[STUDY MATERIAL — start]

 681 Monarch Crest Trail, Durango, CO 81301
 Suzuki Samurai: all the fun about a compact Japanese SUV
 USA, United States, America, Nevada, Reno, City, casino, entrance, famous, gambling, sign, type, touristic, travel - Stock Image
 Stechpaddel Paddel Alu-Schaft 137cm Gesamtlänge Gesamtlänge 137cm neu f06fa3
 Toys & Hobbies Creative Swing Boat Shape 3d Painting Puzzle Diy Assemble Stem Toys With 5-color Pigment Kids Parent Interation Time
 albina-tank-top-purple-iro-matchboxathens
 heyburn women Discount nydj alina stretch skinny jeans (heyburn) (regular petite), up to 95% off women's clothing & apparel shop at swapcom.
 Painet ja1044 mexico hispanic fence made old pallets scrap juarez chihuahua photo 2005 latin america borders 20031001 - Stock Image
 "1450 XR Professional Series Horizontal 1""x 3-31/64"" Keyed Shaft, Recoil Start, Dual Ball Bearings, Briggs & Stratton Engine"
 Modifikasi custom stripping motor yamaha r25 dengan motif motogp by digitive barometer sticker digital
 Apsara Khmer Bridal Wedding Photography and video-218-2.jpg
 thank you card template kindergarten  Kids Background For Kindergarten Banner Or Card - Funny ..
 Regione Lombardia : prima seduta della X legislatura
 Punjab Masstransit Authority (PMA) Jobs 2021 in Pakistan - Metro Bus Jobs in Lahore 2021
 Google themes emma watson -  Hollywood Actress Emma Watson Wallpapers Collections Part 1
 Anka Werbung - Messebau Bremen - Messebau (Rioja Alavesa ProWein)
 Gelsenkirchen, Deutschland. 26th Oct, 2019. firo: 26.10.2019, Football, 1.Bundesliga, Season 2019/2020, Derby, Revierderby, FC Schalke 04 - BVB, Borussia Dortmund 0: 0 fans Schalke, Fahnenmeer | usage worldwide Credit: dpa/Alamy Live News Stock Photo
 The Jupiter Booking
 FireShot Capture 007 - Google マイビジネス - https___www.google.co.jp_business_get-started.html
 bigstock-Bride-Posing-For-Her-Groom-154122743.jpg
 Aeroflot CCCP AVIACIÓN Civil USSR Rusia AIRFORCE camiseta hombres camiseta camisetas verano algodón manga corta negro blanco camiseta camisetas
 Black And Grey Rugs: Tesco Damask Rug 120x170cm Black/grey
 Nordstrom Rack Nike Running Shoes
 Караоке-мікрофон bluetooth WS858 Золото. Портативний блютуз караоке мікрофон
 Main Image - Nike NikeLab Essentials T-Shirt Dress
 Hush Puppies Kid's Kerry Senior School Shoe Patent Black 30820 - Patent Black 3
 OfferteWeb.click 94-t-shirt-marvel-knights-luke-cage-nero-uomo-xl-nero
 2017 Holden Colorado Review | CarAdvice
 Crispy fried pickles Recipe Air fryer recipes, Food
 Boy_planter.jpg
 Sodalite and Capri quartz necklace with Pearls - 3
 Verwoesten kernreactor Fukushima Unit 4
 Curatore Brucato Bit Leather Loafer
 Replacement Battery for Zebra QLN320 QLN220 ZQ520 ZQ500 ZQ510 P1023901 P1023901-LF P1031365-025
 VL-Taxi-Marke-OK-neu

[STUDY MATERIAL — finish]

__ACTION ITEM__
What you should produce is an exact copy of the records above.

__EXERCISE OUTPUT__
 681 Monarch Crest Trail, Durango, CO 81301
 Suzuki Samurai: all the fun about a compact Japanese SUV
 USA, United States, America, Nevada, Reno, City, casino, entrance, famous, gambling, sign, type, touristic, travel - Stock Image
 Stechpaddel Paddel Alu-Schaft 137cm Gesamtlänge Gesamtlänge 137cm neu f06fa3
 Toys & Hobbies Creative Swing Boat Shape 3d Painting Puzzle Diy Assemble Stem Toys With 5-color Pigment Kids Parent Interation Time
 albina-tank-top-purple-iro-matchboxathens
 heyburn women Discount nydj alina stretch skinny jeans (heyburn) (regular petite), up to 95% off women's clothing & apparel shop at swapcom.
 Painet ja1044 mexico hispanic fence made old pallets scrap juarez chihuahua photo 2005 latin america borders 20031001 - Stock Image
 "1450 XR Professional Series Horizontal 1""x 3-31/64"" Keyed Shaft, Recoil Start, Dual Ball Bearings, Briggs & Stratton Engine"
 Modifikasi custom stripping motor yamaha r25 dengan motif motogp by digitive barometer sticker digital
 Apsara Khmer Bridal Wedding Photography and video-218-2.jpg
 thank you card template kindergarten  Kids Background For Kindergarten Banner Or Card - Funny ..
 Regione Lombardia : prima seduta della X legislatura
 Punjab Masstransit Authority (PMA) Jobs 2021 in Pakistan - Metro Bus Jobs in Lahore 2021
 Google themes emma watson -  Hollywood Actress Emma Watson Wallpapers Collections Part 1
 Anka Werbung - Messebau Bremen - Messebau (Rioja Alavesa ProWein)
 Gelsenkirchen, Deutschland. 26th Oct, 2019. firo: 26.10.2019, Football, 1.Bundesliga, Season 2019/2020, Derby, Revierderby, FC Schalke 04 - BVB, Borussia Dortmund 0: 0 fans Schalke, Fahnenmeer | usage worldwide Credit: dpa/Alamy Live News Stock Photo
 The Jupiter Booking
 FireShot Capture 007 - Google マイビジネス - https___www.google.co.jp_business_get-started.html
 bigstock-Bride-Posing-For-Her-Groom-154122743.jpg
 Aeroflot CCCP AVIACIÓN Civil USSR Rusia AIRFORCE camiseta hombres camiseta camisetas verano algodón manga corta negro blanco camiseta camisetas
 Black And Grey Rugs: Tesco Damask Rug 120x170cm Black/grey
 Nordstrom Rack Nike Running Shoes
 Караоке-мікрофон bluetooth WS858 Золото. Портативний блютуз караоке мікрофон
 Main Image - Nike NikeLab Essentials T-Shirt Dress
 Hush Puppies Kid's Kerry Senior School Shoe Patent Black 30820 - Patent Black 3
 OfferteWeb.click 94-t-shirt-marvel-knights-luke-cage-nero-uomo-xl-nero
 2017 Holden Colorado Review | CarAdvice
 Crispy fried pickles Recipe Air fryer recipes, Food
 Boy_planter.jpg
 Sodalite and Capri quartz necklace with Pearls - 3
 Verwoesten kernreactor Fukushima Unit 4
 Curatore Brucato Bit Leather Loafer
 Replacement Battery for Zebra QLN320 QLN220 ZQ520 ZQ500 ZQ510 P1023901 P1023901-LF P1031365-025
 VL-Taxi-Marke-OK-neu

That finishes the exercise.